Europe’s beacon of hope shines light on old problems

After a long quiet spell, Europe is capturing investor interest once again, with the green shoots of a recovery now coming through. After a desperately slow start, vaccination programmes on the continent have stepped up greatly, with ever more jabs set to be delivered in the coming weeks. That, combined with warmer weather and a slowing spread of the virus, is thawing the freeze on economic activity as businesses start to reopen. Indeed, the signs suggest the recovery is already underway – high-frequency data from the Eurozone is showing a sizable uptick in travel, business activity and job postings – even while growth data suggests the Eurozone economy fared better than feared in the early parts of the year. Barring another turn for the worse, it looks like Europe is headed out of its punishing double-dip recession.

 

Don’t blame it on the property

With a heavy heart – and a heavier bill – Aviva told investors last week that after a tumultuous year for the fund, the firm will shut its main UK Property Fund as well as its two feeder funds on 19th July and return cash to investors “in a fair and orderly manner”. The current liquidity of about 40% of the fund will be returned (equivalent to about 40% of current value) but the rest will dribble back as asset sales are
completed, which may take up to two years.

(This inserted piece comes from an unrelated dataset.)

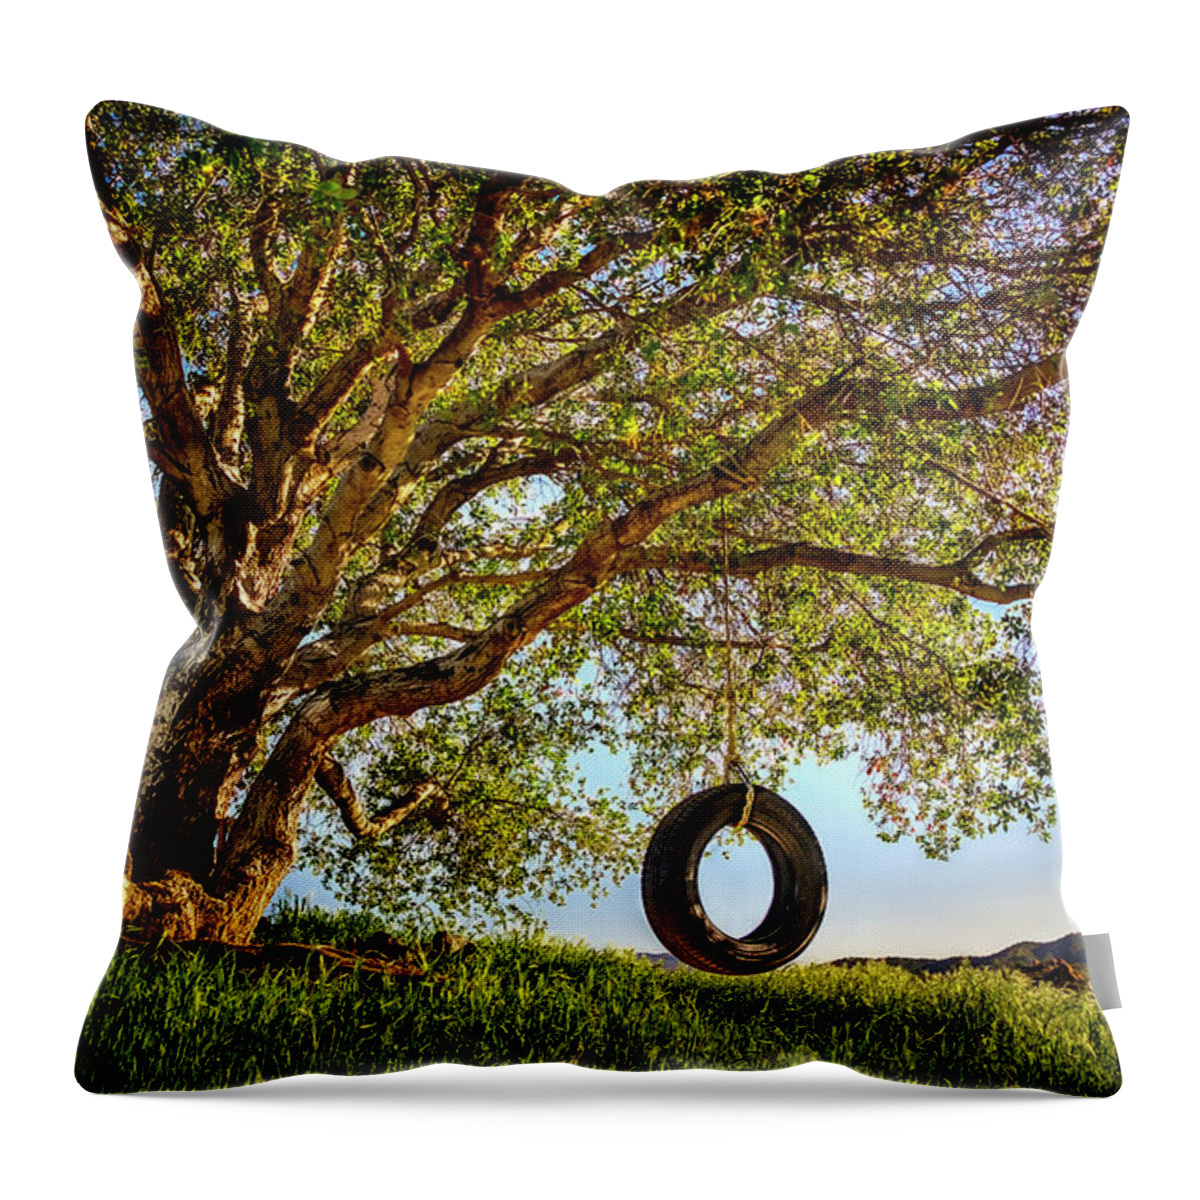 Oak Tree Throw Pillow featuring the photograph The Old Tire Swing by Endre Balogh

Like many other investment firms, Aviva suspended trading in its open-ended property fund last March – just as the pandemic began and capital markets were in nosedive. Equity markets have long since recovered, generating impressive returns over the rest of 2020, but the gates never opened on Aviva’s property investments. Now they never will, with the group concerned that maintaining value – while keeping enough liquidity to fulfil redemptions – would be impossible.